Only the weak are cruel, gentleness can only be expected from the strong. ~Leo F. Buscaglia

Of all the animals, man is the only one that is cruel. He is the only one that inflicts pain for the pleasure of doing it. ~mark twain

To live is to hurt others, and through others to hurt oneself ~ Albert Camus

Truth is a deep kindness that teaches us to be content in our everyday life and share with the people the same happiness. ~ Kahlil Gibran

Each time you step off your path of and give someone an act of kindness...then your road to happiness just got a little smoother~ Donna A favors


These quotes are right along with what I was saying with why people are mean and cruel. Especially the last one.

I am sorry that you are having such a bad time. But people can be so mean to each other. You know that you said and did the right things and I know that too. We love you and want you to take it easy on yourself and rest and take care of yourself remember when someone does wrong to you it comes back on them one hundred times as bad. Just get yourself feeling better and know that there are folks that love you for who and what you are.

you know my number use it any time u need to I love you

I sent this to you on Twitter, but I wanted to say it here, too: What kind of people have the delusion that you would do anything to affect their pay? Not only is that a horrible thing to do as a person, it would mean that you're really, really unprofessional. And I know that you and I aren't BFFs or anything, but I've been working with you for quite a few years and you are so far from unprofessional.

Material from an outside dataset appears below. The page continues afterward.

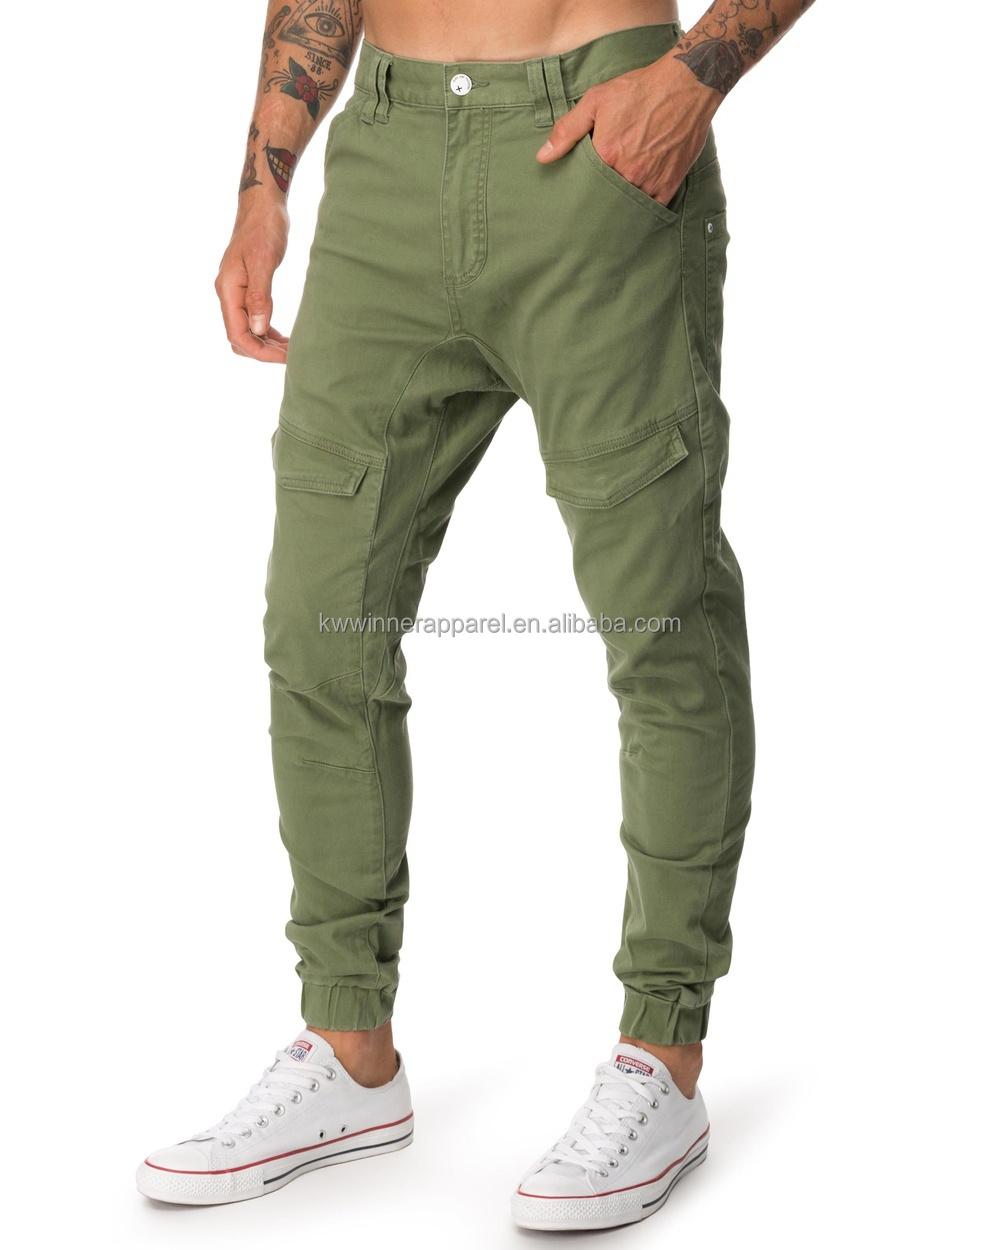 Groene broek man

Sorry you are going through all this. Some people can be really thoughtless and not know or care how their actions hurt other people. They only care about themselves.
I hope things get better for you.

I seem to be using the term flabbergasted a lot this week o.O but I am.
Whenever I've dealt with you regard blogs and everything you've always been extremely helpful and have actually gone out of your way to help me to survive with regards income and what-not in fact you actually recommended me to places to get more money or save money and from what I've seen always do the same with others.
I can't understand why anyone would think otherwise, you always go out of your way for others which I've regarded as outstanding considering the amount you go through all the time with regards your health, pain level and situation.

I hope that you can get some chill time. Wishing you all the best.

I am so sorry. Anyone who would think this obviously does not know you very well. You have, on MANY occasions helped me, a total stranger, actually earn money. I have a hard time wrapping my head around anyone actually thinking/saying that.

Again, I'm sorry. I do hope you were able to rest, relax, or at least find a good movie.